§ ASSIGNMENT
A verbatim copy of the line containing "Various illuminated lamps" and all lines after it, up to and including the final line of the records, is the only acceptable output.

[Items listed in a dataset]
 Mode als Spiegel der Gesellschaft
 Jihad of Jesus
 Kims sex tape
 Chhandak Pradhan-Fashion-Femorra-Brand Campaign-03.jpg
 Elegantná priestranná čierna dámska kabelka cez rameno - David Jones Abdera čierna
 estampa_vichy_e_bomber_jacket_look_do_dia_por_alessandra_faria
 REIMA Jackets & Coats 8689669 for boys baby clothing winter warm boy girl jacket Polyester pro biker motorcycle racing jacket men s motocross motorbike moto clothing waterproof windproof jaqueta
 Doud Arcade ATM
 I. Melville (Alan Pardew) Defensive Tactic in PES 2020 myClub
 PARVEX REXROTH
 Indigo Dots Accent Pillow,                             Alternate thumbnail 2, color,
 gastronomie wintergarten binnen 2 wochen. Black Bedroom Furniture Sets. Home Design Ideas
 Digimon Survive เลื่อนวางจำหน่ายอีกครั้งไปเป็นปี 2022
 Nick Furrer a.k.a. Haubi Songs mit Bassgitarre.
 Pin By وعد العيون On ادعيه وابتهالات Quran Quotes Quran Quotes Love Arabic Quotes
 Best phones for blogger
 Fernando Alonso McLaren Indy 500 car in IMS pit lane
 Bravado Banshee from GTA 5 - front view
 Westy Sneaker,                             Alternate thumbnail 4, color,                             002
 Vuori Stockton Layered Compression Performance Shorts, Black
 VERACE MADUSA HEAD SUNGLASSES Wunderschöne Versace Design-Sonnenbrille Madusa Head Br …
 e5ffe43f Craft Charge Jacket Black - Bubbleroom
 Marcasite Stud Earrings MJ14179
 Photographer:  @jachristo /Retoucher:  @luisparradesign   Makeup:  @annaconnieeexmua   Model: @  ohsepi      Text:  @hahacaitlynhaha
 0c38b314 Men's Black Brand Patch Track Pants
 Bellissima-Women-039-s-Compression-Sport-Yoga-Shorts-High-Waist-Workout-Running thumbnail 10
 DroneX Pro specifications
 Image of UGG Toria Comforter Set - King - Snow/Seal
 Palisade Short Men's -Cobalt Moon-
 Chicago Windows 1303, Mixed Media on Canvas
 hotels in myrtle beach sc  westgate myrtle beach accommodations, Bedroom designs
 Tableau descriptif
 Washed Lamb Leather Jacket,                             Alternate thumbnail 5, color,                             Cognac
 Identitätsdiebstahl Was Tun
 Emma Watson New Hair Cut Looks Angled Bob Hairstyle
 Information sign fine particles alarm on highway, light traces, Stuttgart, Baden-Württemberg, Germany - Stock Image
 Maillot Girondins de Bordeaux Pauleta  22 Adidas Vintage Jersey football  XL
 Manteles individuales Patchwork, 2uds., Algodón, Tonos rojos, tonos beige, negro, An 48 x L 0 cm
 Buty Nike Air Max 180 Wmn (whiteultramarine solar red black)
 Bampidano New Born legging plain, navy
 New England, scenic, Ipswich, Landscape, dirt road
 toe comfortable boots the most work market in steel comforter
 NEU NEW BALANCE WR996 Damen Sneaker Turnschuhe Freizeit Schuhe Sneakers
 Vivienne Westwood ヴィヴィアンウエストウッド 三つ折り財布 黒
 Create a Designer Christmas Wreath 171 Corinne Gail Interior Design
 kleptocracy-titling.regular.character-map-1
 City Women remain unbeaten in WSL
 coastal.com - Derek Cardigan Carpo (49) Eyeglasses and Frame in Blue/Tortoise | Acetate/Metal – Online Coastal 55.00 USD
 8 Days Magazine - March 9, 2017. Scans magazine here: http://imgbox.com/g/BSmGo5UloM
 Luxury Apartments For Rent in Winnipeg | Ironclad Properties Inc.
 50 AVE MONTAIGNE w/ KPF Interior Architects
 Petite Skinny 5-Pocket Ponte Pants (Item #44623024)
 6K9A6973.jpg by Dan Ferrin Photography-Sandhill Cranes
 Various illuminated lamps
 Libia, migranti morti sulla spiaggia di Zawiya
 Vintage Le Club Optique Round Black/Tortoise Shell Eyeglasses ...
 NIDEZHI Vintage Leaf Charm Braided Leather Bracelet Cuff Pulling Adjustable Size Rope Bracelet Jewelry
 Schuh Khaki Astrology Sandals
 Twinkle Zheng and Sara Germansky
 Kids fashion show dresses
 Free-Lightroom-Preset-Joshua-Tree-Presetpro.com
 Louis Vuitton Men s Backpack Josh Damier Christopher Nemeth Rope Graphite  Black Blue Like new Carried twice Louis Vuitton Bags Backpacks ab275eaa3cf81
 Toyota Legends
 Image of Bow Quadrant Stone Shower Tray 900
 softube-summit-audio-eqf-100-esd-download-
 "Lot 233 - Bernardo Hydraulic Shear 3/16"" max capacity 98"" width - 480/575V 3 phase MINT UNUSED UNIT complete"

§ THE COMPLETED TASK
 Various illuminated lamps
 Libia, migranti morti sulla spiaggia di Zawiya
 Vintage Le Club Optique Round Black/Tortoise Shell Eyeglasses ...
 NIDEZHI Vintage Leaf Charm Braided Leather Bracelet Cuff Pulling Adjustable Size Rope Bracelet Jewelry
 Schuh Khaki Astrology Sandals
 Twinkle Zheng and Sara Germansky
 Kids fashion show dresses
 Free-Lightroom-Preset-Joshua-Tree-Presetpro.com
 Louis Vuitton Men s Backpack Josh Damier Christopher Nemeth Rope Graphite  Black Blue Like new Carried twice Louis Vuitton Bags Backpacks ab275eaa3cf81
 Toyota Legends
 Image of Bow Quadrant Stone Shower Tray 900
 softube-summit-audio-eqf-100-esd-download-
 "Lot 233 - Bernardo Hydraulic Shear 3/16"" max capacity 98"" width - 480/575V 3 phase MINT UNUSED UNIT complete"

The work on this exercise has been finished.